Despite having seen many Magic Flutes and pretty much every Bergman movie it’s only now that I’ve got around to watching his famous film of the Mozart opera, or rather Bergman’s version of the opera, because it differs in important ways from Shikaneder’s libretto. The basic concept is that Pamina is Sarastro’s daughter, who he has removed from the evil influence of her mother. He intends Pamina to inherit his kingdom and leadership of the Brotherhood but only after he’s found a suitable chap to keep her out of trouble which is, of course, where Tamino comes in. So whatever else has changed, the misogyny is intact. There are other changes too. Monostatos is almost written out of the script and a good deal of dialogue is changed or omitted, as are some musical numbers. The whole thing comes in at 135 minutes so maybe 30 minutes of material have been cut. None of this seems very radical today but must have raised a few eyebrows in 1975.
The structure of the film is a bit odd too. It’s set up as a film of a stage performance, based on the original Vienna production, so very traditional looking. But it’s not really a documentary of a stage production. Despite some scenes with painted flats and the second campest dragon ever (only Opera Atelier’s outdoes it) and frequent cuts to the audience (which includes Bergman, cinematographer Sven Nykvist and, frequently focussed on, Bergman’s daughter). At some points, for reasons I can’t fathom, placards with the words are placed at either top or bottom of the shot. There’s even an Intermission scene with, inter alia, the Queen of the Night and the Three Ladies smoking in from of a non smoking sign. But, despite all this theatricality it remains visually very much a Bergman/Nykvist movie with shot composition very reminiscent of films like The Seventh Seal.
Bergman assembled a remarkably good looking cast for this film. So much so that I wondered if they were lip synching to other singers. They aren’t, they are lip synching to themselves recorded in the studio. It’s pretty good singing too. The stand outs are Irma Urrila’s rather beautifully sung Pamina, Ulrik Cold’s rather avuncular Sarastro and Håkan Hagegård’s very fine Papageno. Josef Köstlinger is an OK but rather anonymous Tamino. The weakest link is Birgit Nordin as the Queen of the Night. Her voice sounds tired and metallic though it’s accurate and controlled in the coloratura. Britt-Marie Aruhn, Birgitta Smiding and Kirsten Vaupel are a bit of a bonus as the three ladies with fine singing and very good acting. Everyone else is fine with some highly Bergmanesque acting in places, e.g. Papageno’s exasperated guardian in the temple. Eric Ericsson conducts and can perhaps best be described as “unobtrusive”. It’s all in Swedish, which sounds a bit odd at first but I found I soon got used to it. Maybe this is because I’m rather used to watching films in Swedish.
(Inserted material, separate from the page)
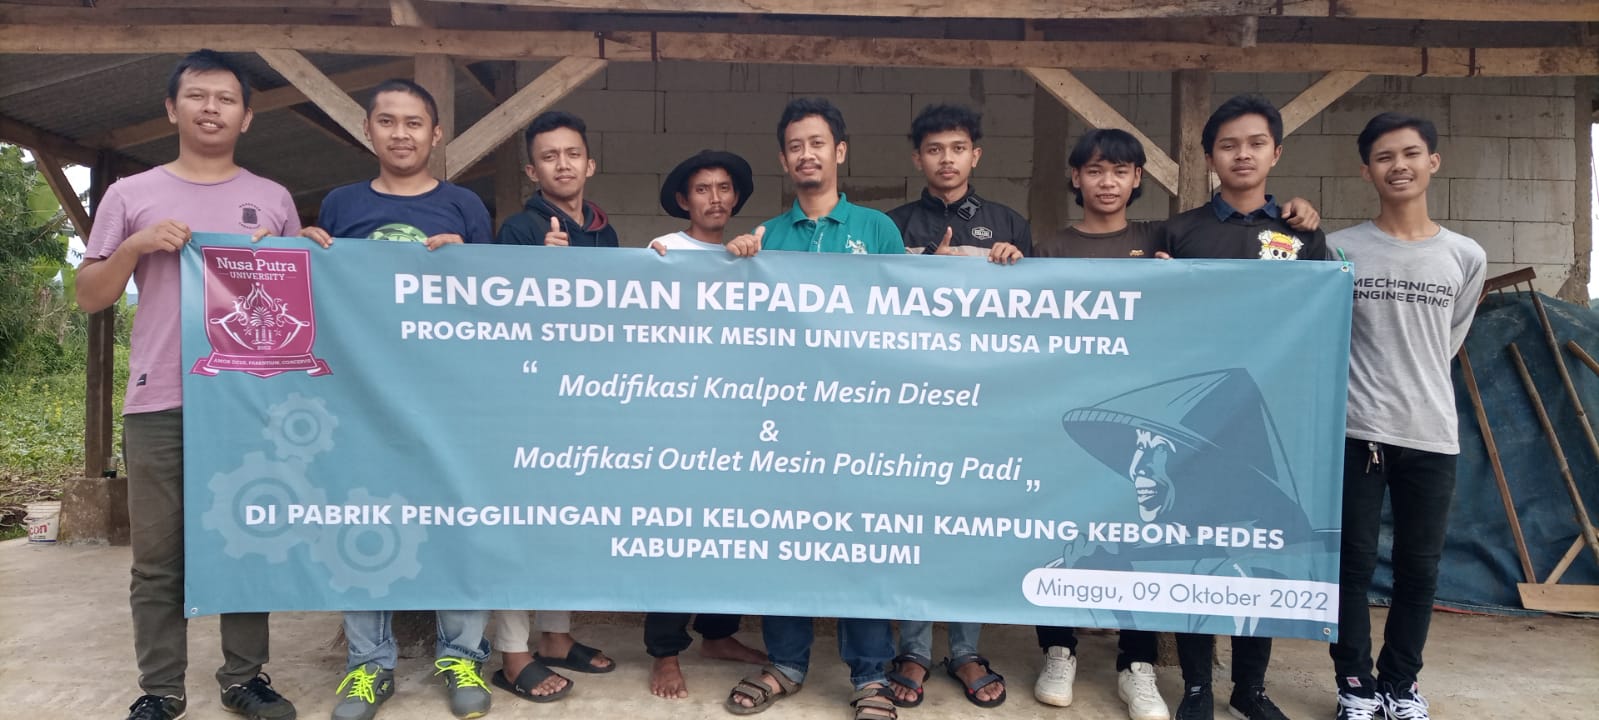 Dosen dan mahasiswa Teknik Mesin Universitas Nusa Putra

Technically the DVD is pretty good. The film was made for television but shot on 35mm colour stock. The criterion Collection DVD is based on a very well restored print and the original stereo soundtrack so it looks and sounds about as good as a 1975 movie can though the picture is quite filmic and “soft”. Being “made for television” the aspect ratio is 4:3. There are no extras, no documentation (at least with my copy) and the only subtitle option is English.